2. "The first column is the name of SNP, the second column is the chromosome of SNP, the third column is the position of SNP, and the remaining columns are the P-value of each trait(Note:each trait a column)"

<div class="alert alert-block alert-warning"> How does the format of our existing data, read in from `read.plink` differ from what is required by `CMplot`? </div>


In [None]:
is.data.frame(geno1323_maf05$map)

In [None]:
#colnames(geno1323_maf05$map)

In [None]:
data_CMplot <- geno1323_maf05$map[, c(2, 1, 4, 3, 5, 6)] # Create a copy of the data and reorder first 4 columns as needed

In [None]:
data_CMplot <- data_CMplot[!grepl("scaffold", # exclude unanchored scaffolds
                                  data_CMplot$chromosome), ]

In [None]:
nrow(data_CMplot) # number of SNPs anchored to Chr in this filtered SNP set

In [None]:
#levels(factor(data_CMplot$chromosome)) # Make sure we only have contiguous, anchored scaffolds

In [None]:
CMplot(data_CMplot,
       type = "p", # This parameter is shown in the example for making density plots with CMplot, but not explained in docs
       plot.type = "d", # Make a SNP density plot
       bin.size = 1e6,
       chr.den.col = c("red", "orange", "yellow", "darkgreen", "blue", "purple"), # Choose heat map color scale
       # file="jpg", # We want to make plots in Jupyter instead of saving to an output file
       file.output = FALSE, # See above note
       memo="",
       dpi = 300, # Nice high resolution
       verbose = TRUE,
       width = 9,
       height = 6)

Let's take a look with a smaller window size (1kb)

In [None]:
CMplot(data_CMplot,
       type = "p", # This parameter is shown in the example for making density plots with CMplot, but not explained in docs
       plot.type = "d", # Make a SNP density plot
       bin.size = 1e3,
       chr.den.col = c("darkgreen", "yellow", "red"), # Choose heat map color scale
       # file="jpg", # We want to make plots in Jupyter instead of saving to an output file
       file.output = FALSE, # See above note
       memo="",
       dpi = 300, # Nice high resolution
       verbose = TRUE,
       width = 9,
       height = 6)

<div class="alert alert-block alert-warning"> It is rather difficult to get much information from this SNP density plot with 1kb bins, since it appears most 1kb regions have a single SNP. However, we do not see any big white spots, indicative of long regions with no SNPs. </div>

##### Once more with bin size of 10kb...

In [None]:
CMplot(data_CMplot,
       type = "p", # This parameter is shown in the example for making density plots with CMplot, but not explained in docs
       plot.type = "d", # Make a SNP density plot
       bin.size = 1e4,
       chr.den.col = c("darkgreen", "yellow", "red"), # Choose heat map color scale
       # file="jpg", # We want to make plots in Jupyter instead of saving to an output file
       file.output = FALSE, # See above note
       memo="",
       dpi = 300, # Nice high resolution
       verbose = TRUE,
       width = 9,
       height = 6)

### Provide an R function for identifying gaps between SNPs

In [None]:
options(repr.plot.width=10, repr.plot.height=5)

In [None]:
SNP_gap_hist <- function(data,
                         Chr,
                         gap_min,
                         bin_width,
                         plot,
                         output_dir){

    data_this_Chr <- data[which(data$chromosome == Chr), ]

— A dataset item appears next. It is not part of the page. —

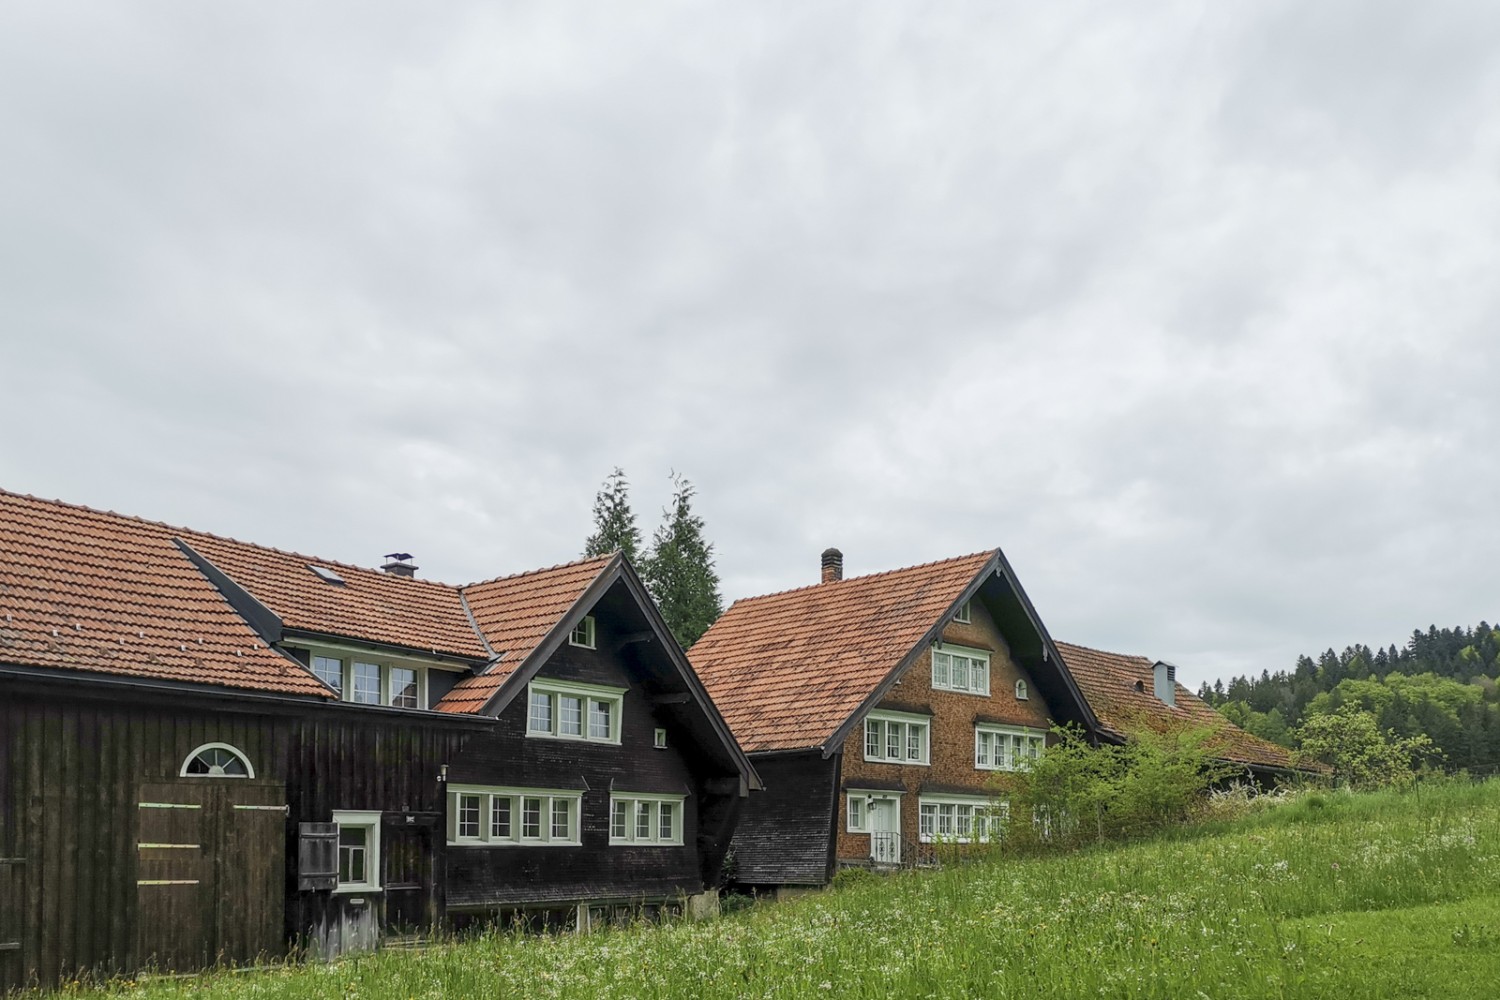 À Riemen, groupe caractéristique de fermes du canton d’Appenzell. Photo: Evelyne Zaugg
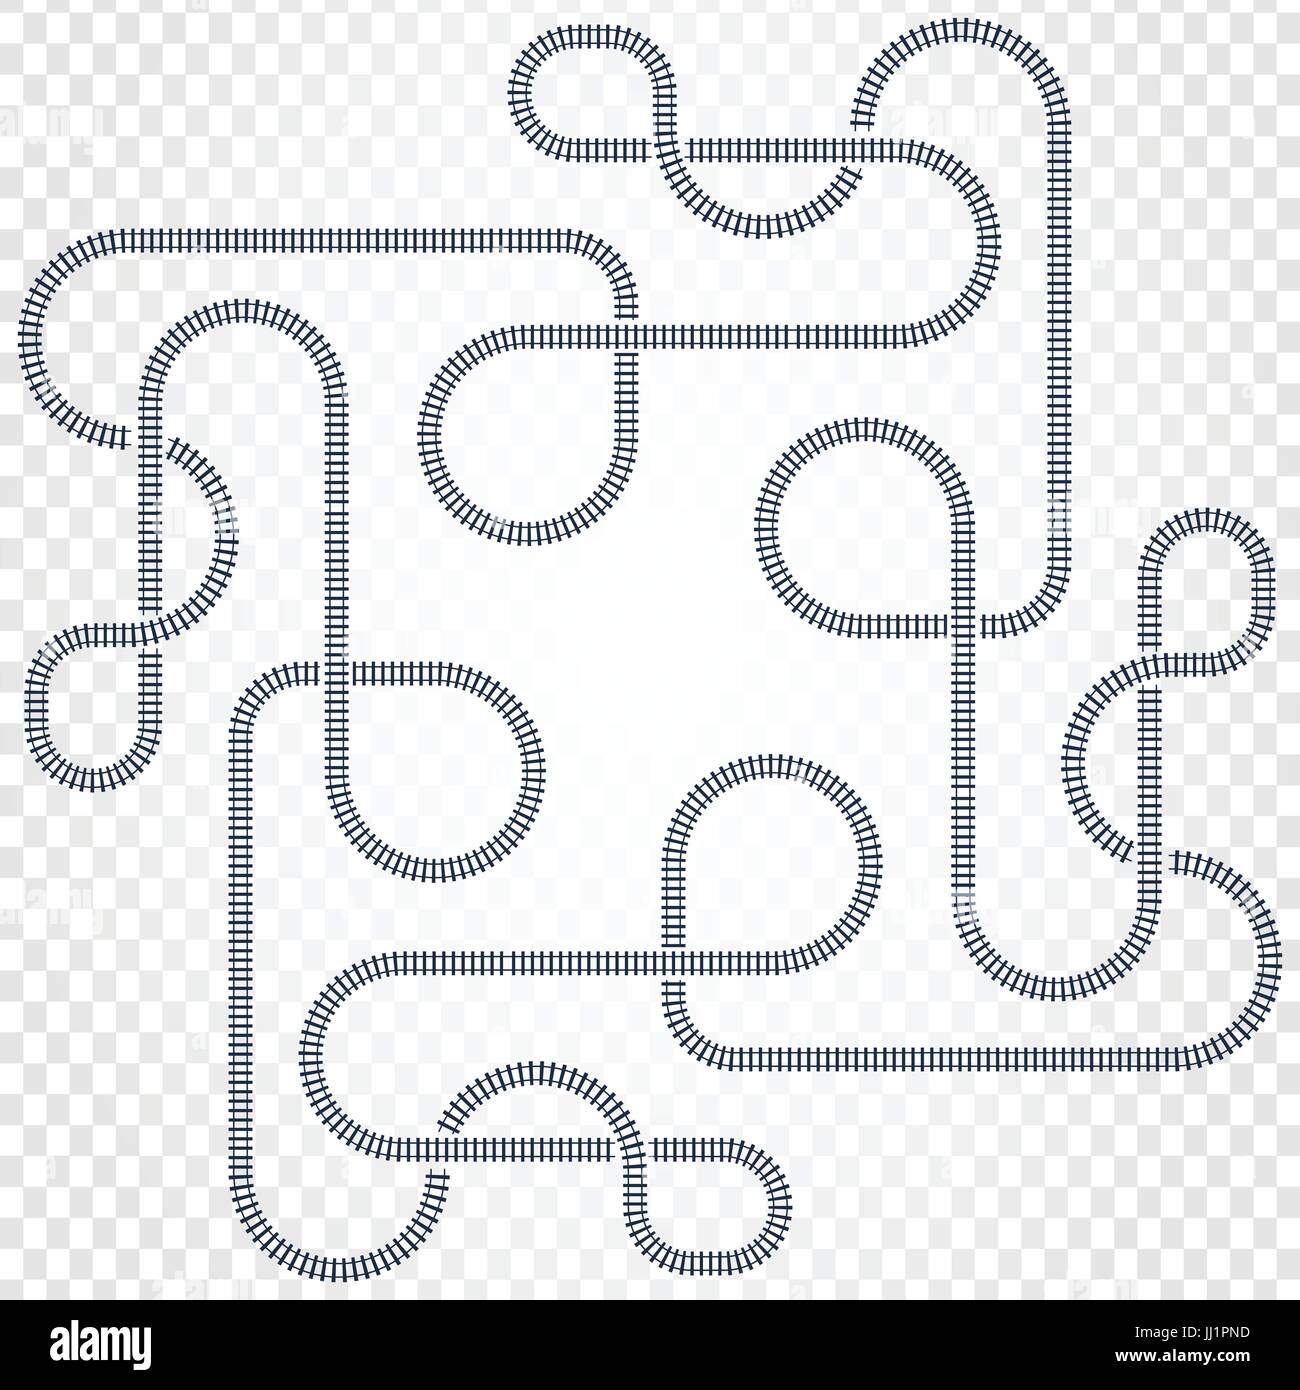 Ligne de chemin de fer, labyrinthe et nœuds. La carte du tramway aux trains avec tours et ponts vector illustration Illustration de Vecteur

    prior_adjacent_SNPs <- c(NA, # The first SNP on a given chromosome has no SNP before it
                             data_this_Chr[-nrow(data_this_Chr), ]$position) # By excluding the final SNP and taking position... 
    # We obtain a vector of all SNP positions for a SNP prior to each given SNP.

    SNP_gaps <- data_this_Chr$position - prior_adjacent_SNPs # Measure sizes of gaps between adjacent SNPs

    print(paste0("Maximum length of any gap between two SNPs on Chromosome ",
                 Chr,
                 " is ",
                 max(na.omit(SNP_gaps))))

    data_this_Chr$distance_from_last <- SNP_gaps

    # Produce a table of all SNP data for SNPs with >1kb gaps, ordered from largest to smallest gap
    data_this_Chr_gaps_over_Xbp <- data_this_Chr[which(data_this_Chr$distance_from_last > gap_min), ] 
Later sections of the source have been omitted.